- [Problem details]:
Every line of the listing must be reproduced as it stands. Leave the images behind.

- [Dataset content]:
══════

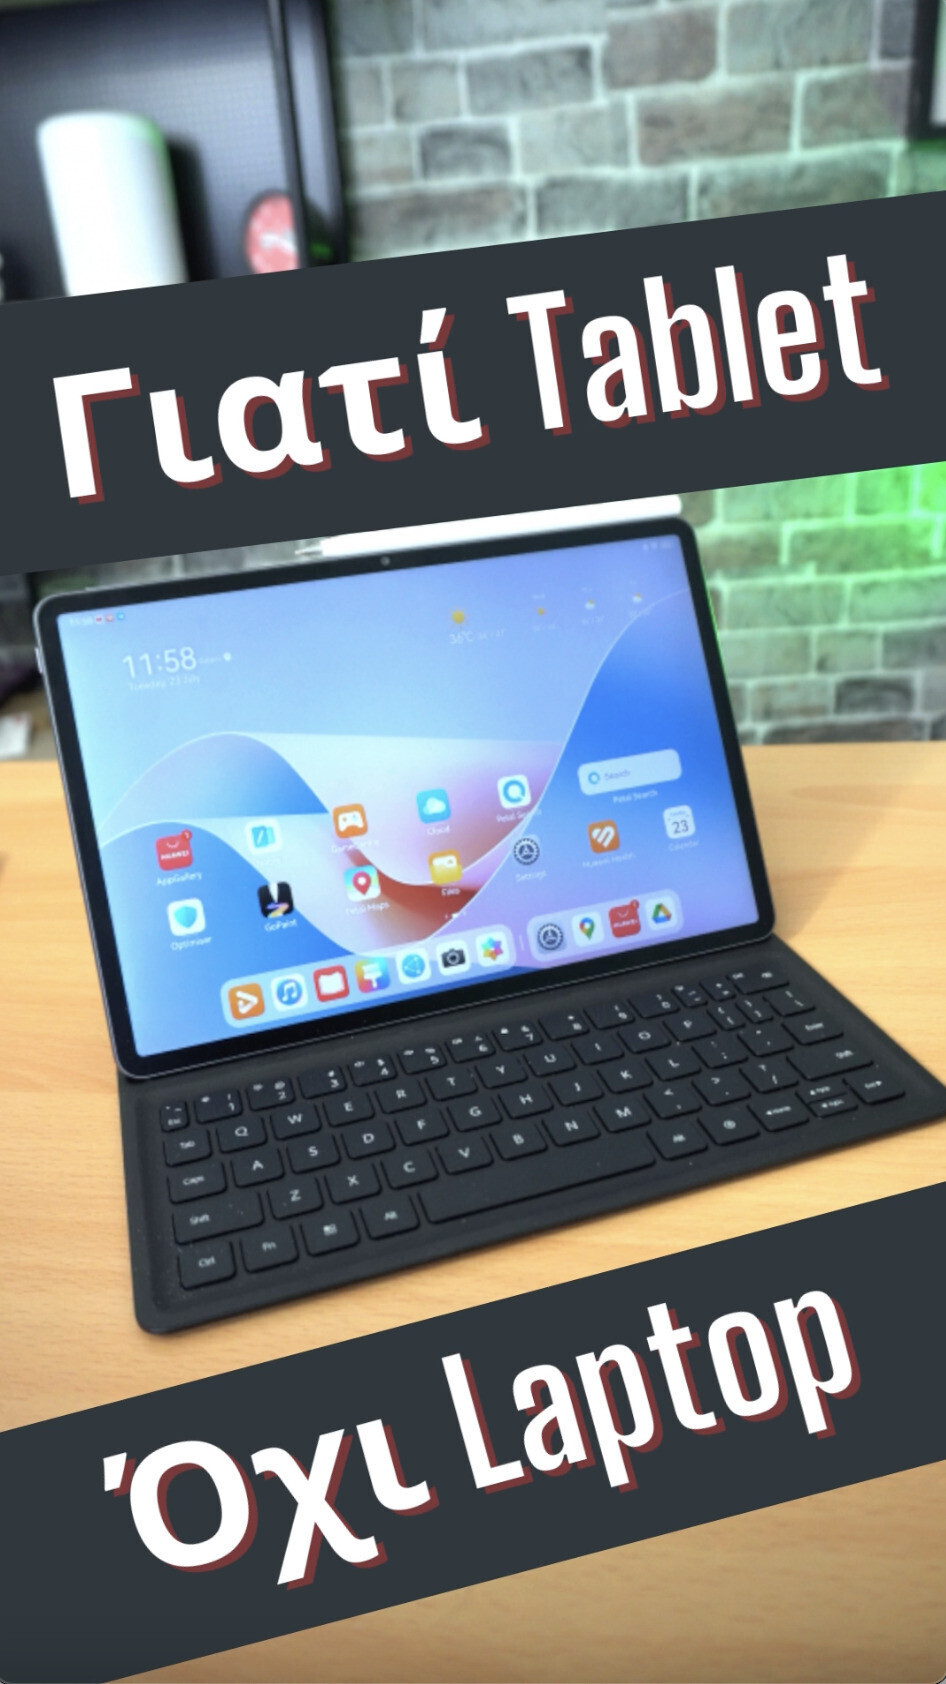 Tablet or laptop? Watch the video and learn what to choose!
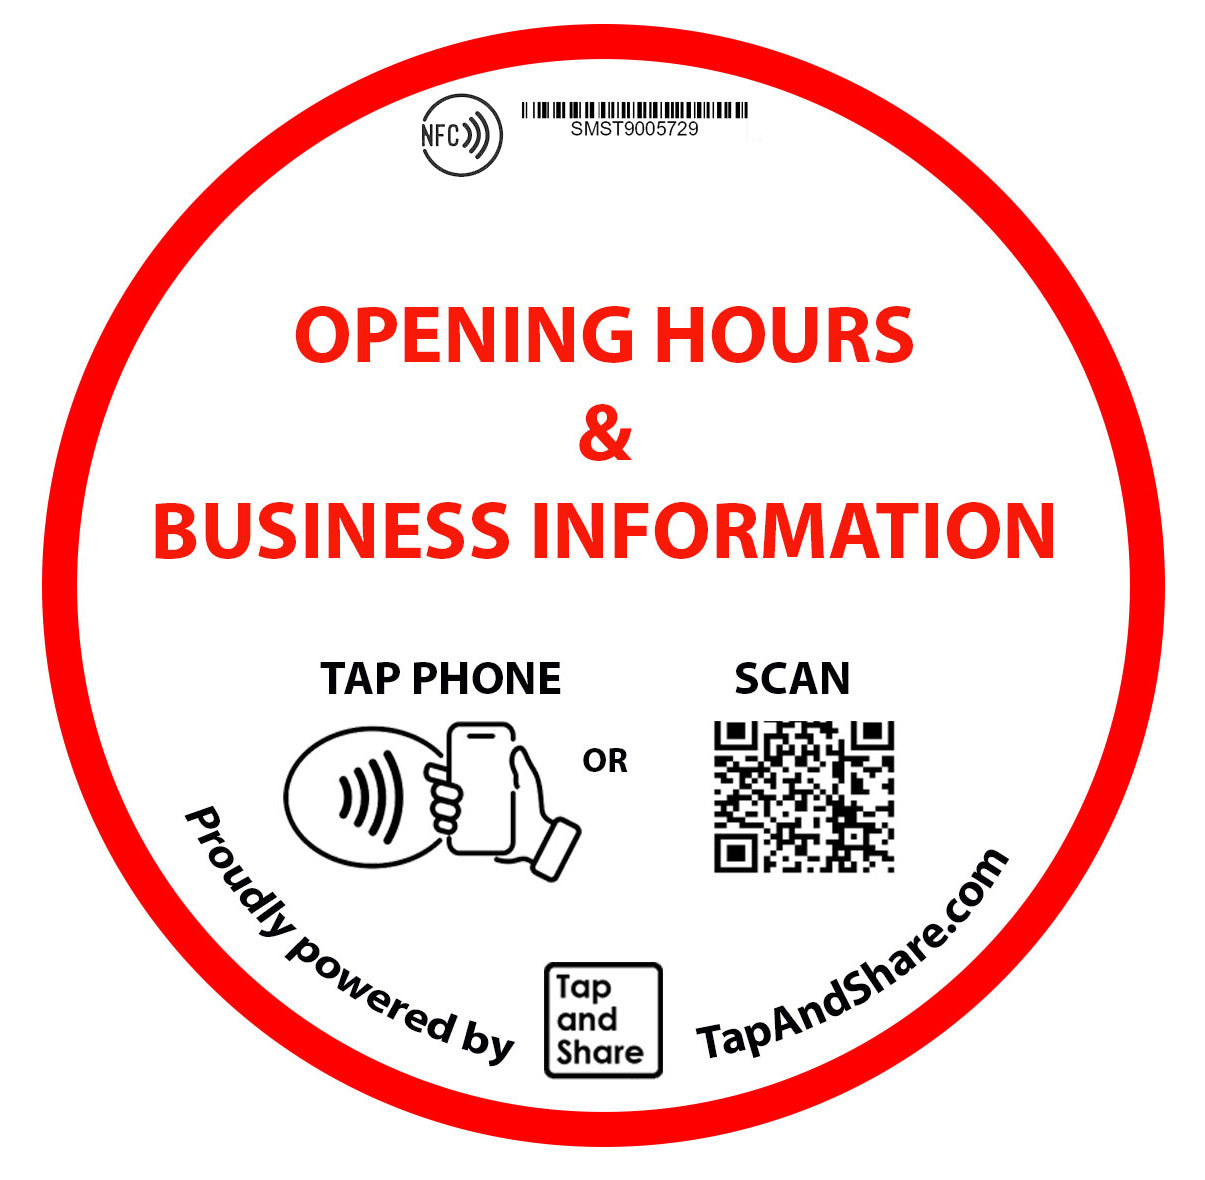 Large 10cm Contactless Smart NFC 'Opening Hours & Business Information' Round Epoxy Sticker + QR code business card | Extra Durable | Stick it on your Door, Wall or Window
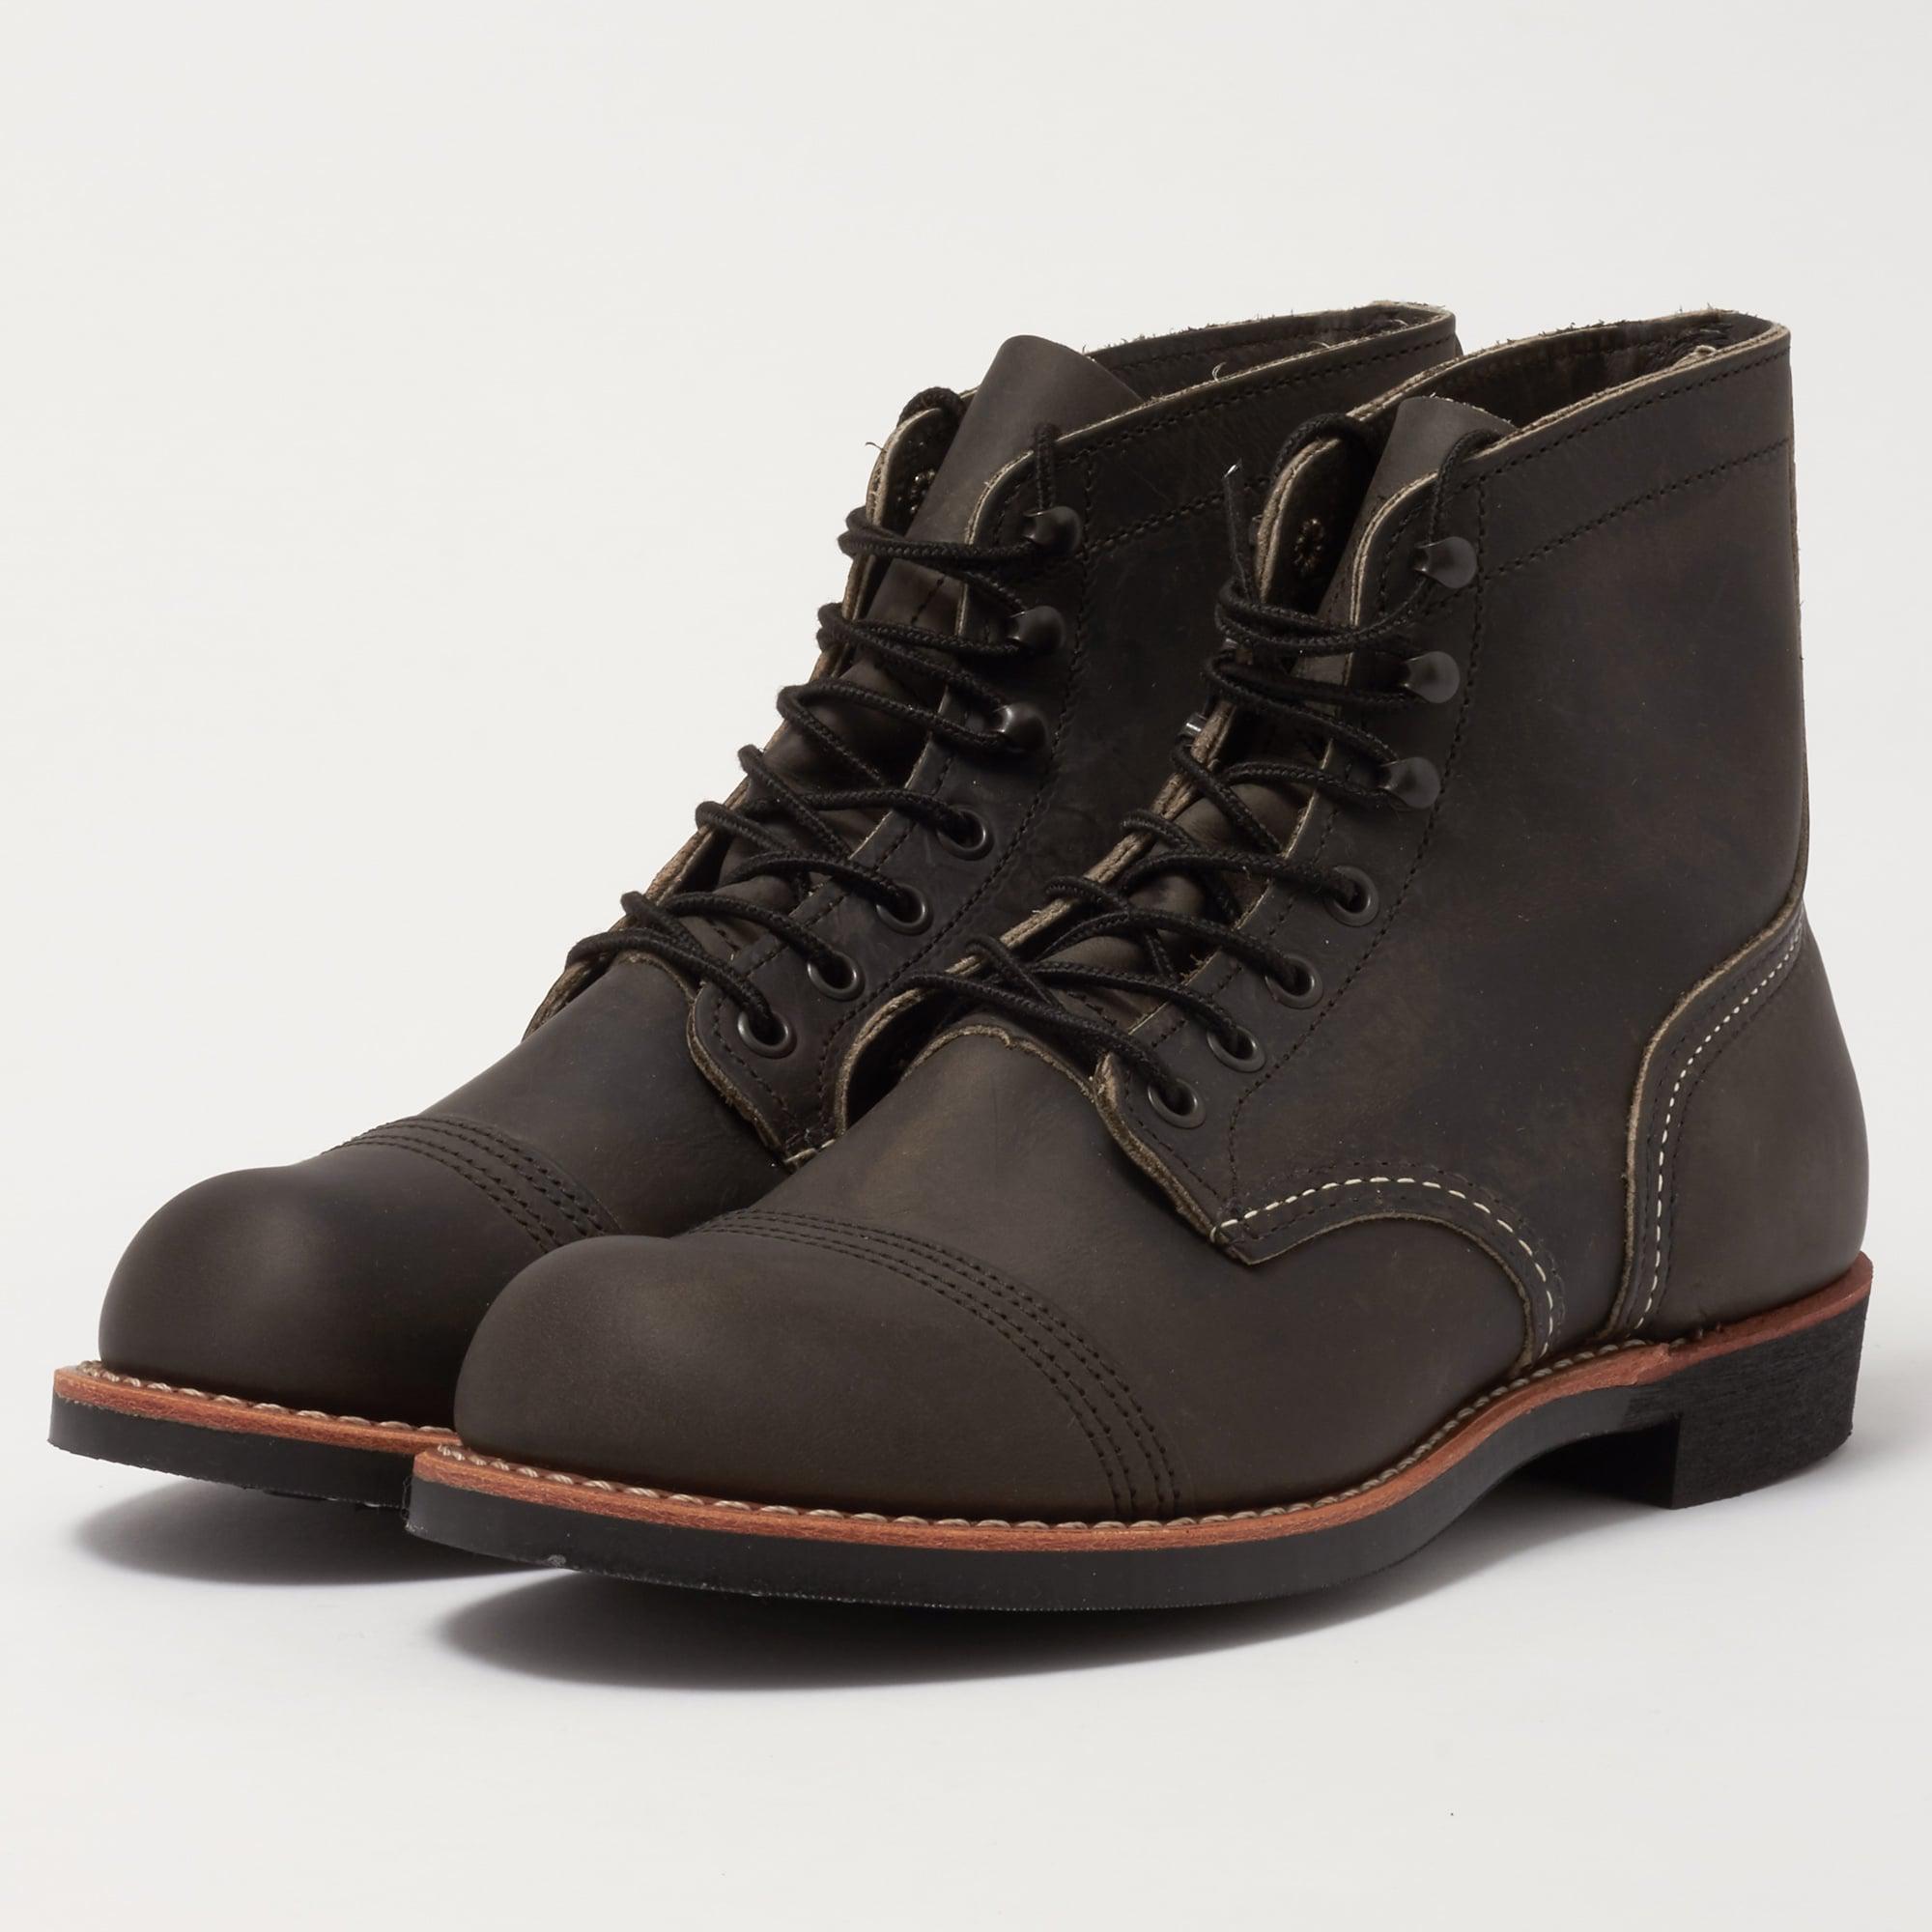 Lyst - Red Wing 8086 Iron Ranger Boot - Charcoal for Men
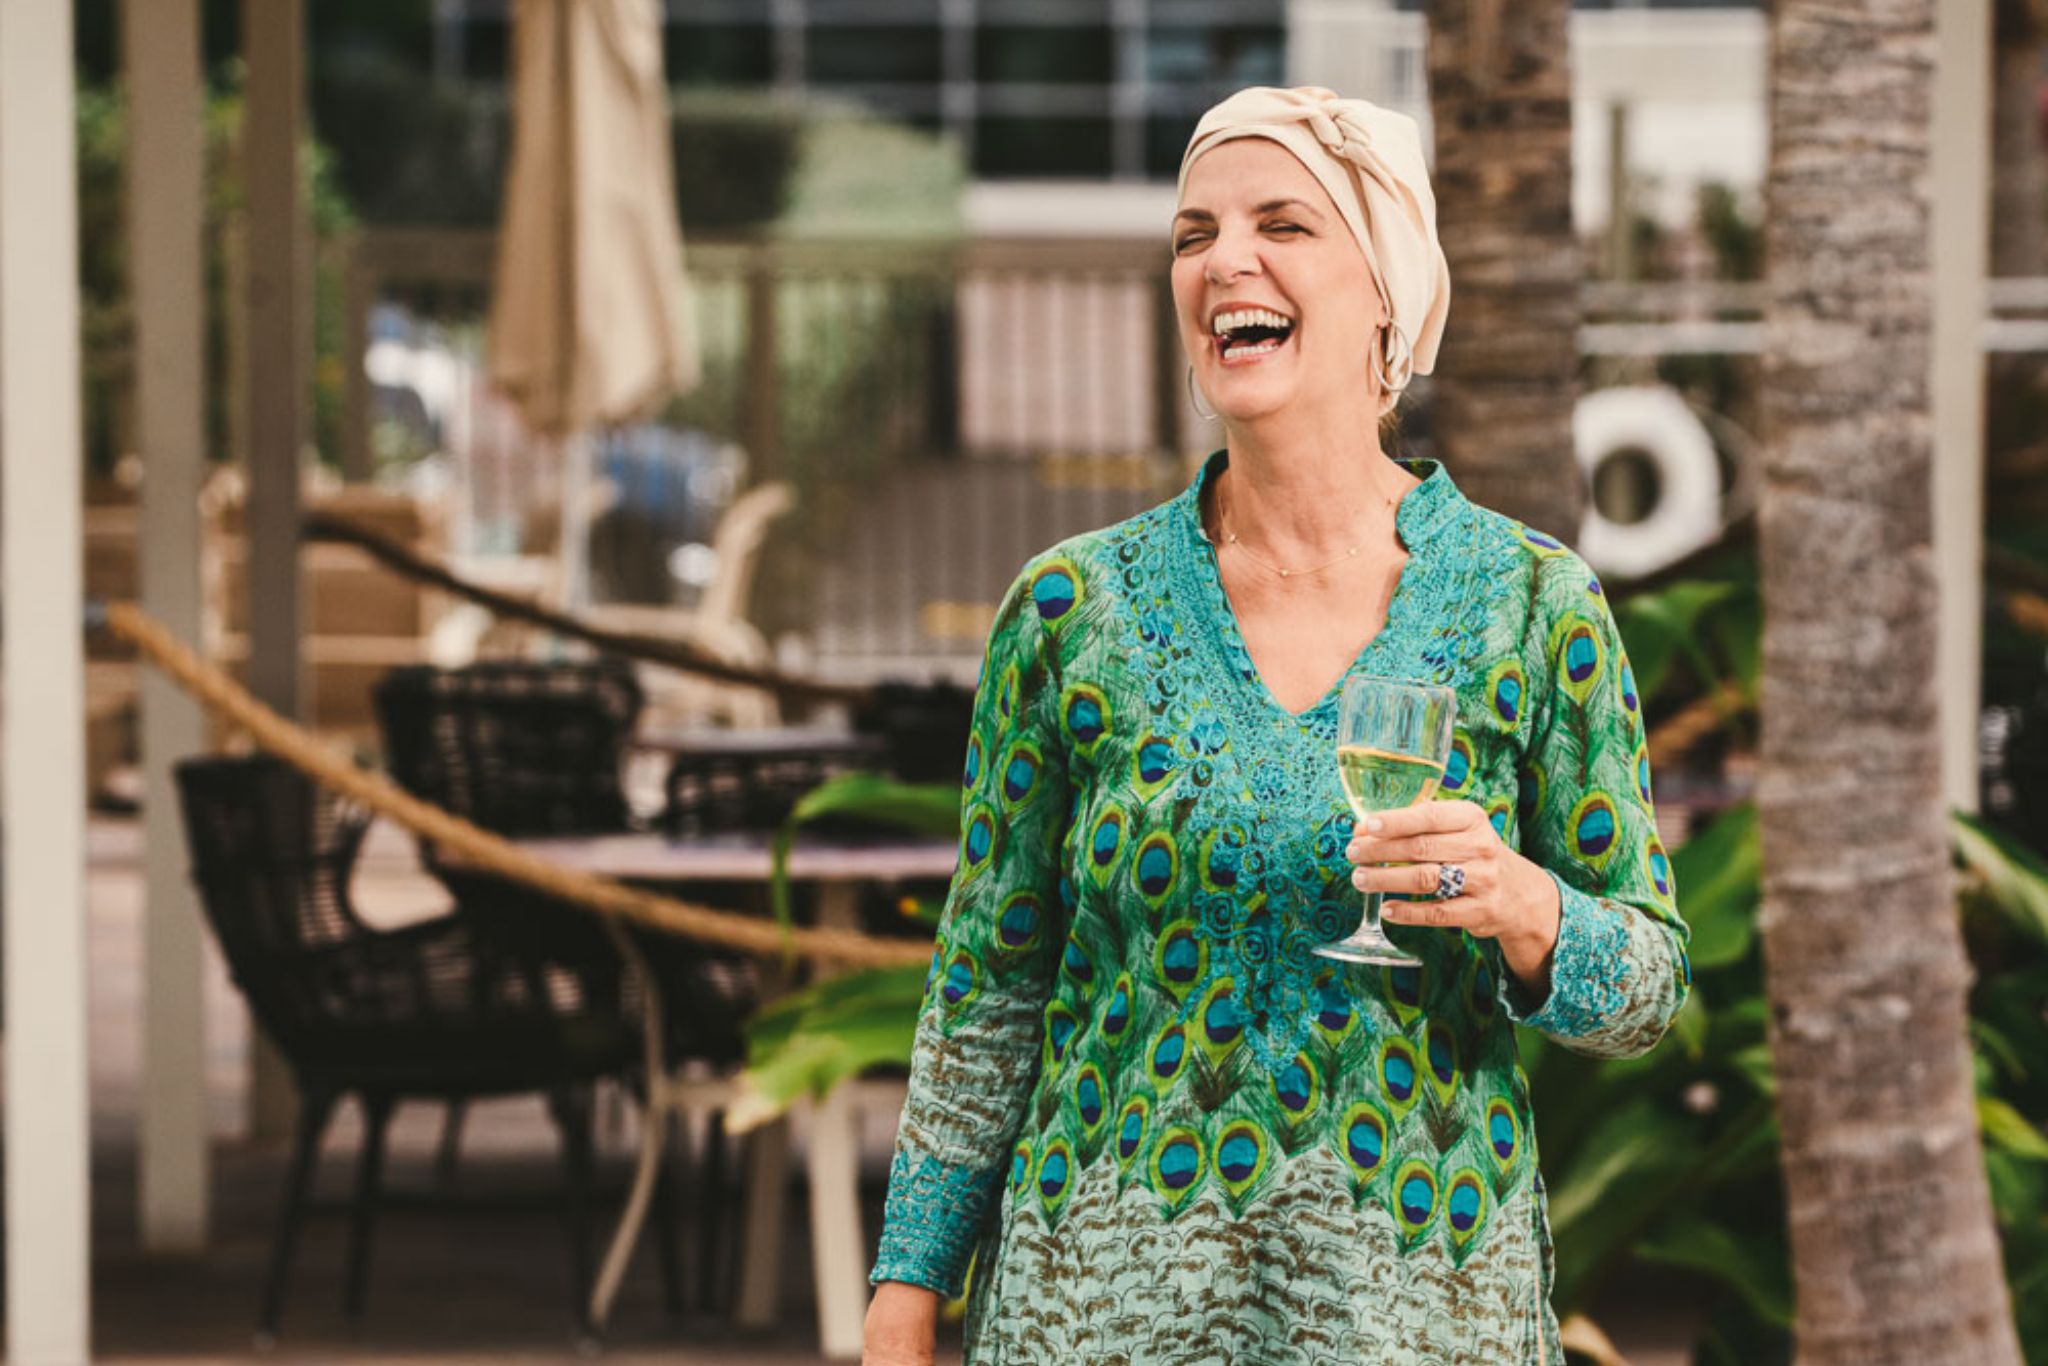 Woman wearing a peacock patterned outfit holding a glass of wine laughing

══════

- [Reply]:
 Tablet or laptop? Watch the video and learn what to choose!
 Large 10cm Contactless Smart NFC 'Opening Hours & Business Information' Round Epoxy Sticker + QR code business card | Extra Durable | Stick it on your Door, Wall or Window
 Lyst - Red Wing 8086 Iron Ranger Boot - Charcoal for Men
 Woman wearing a peacock patterned outfit holding a glass of wine laughing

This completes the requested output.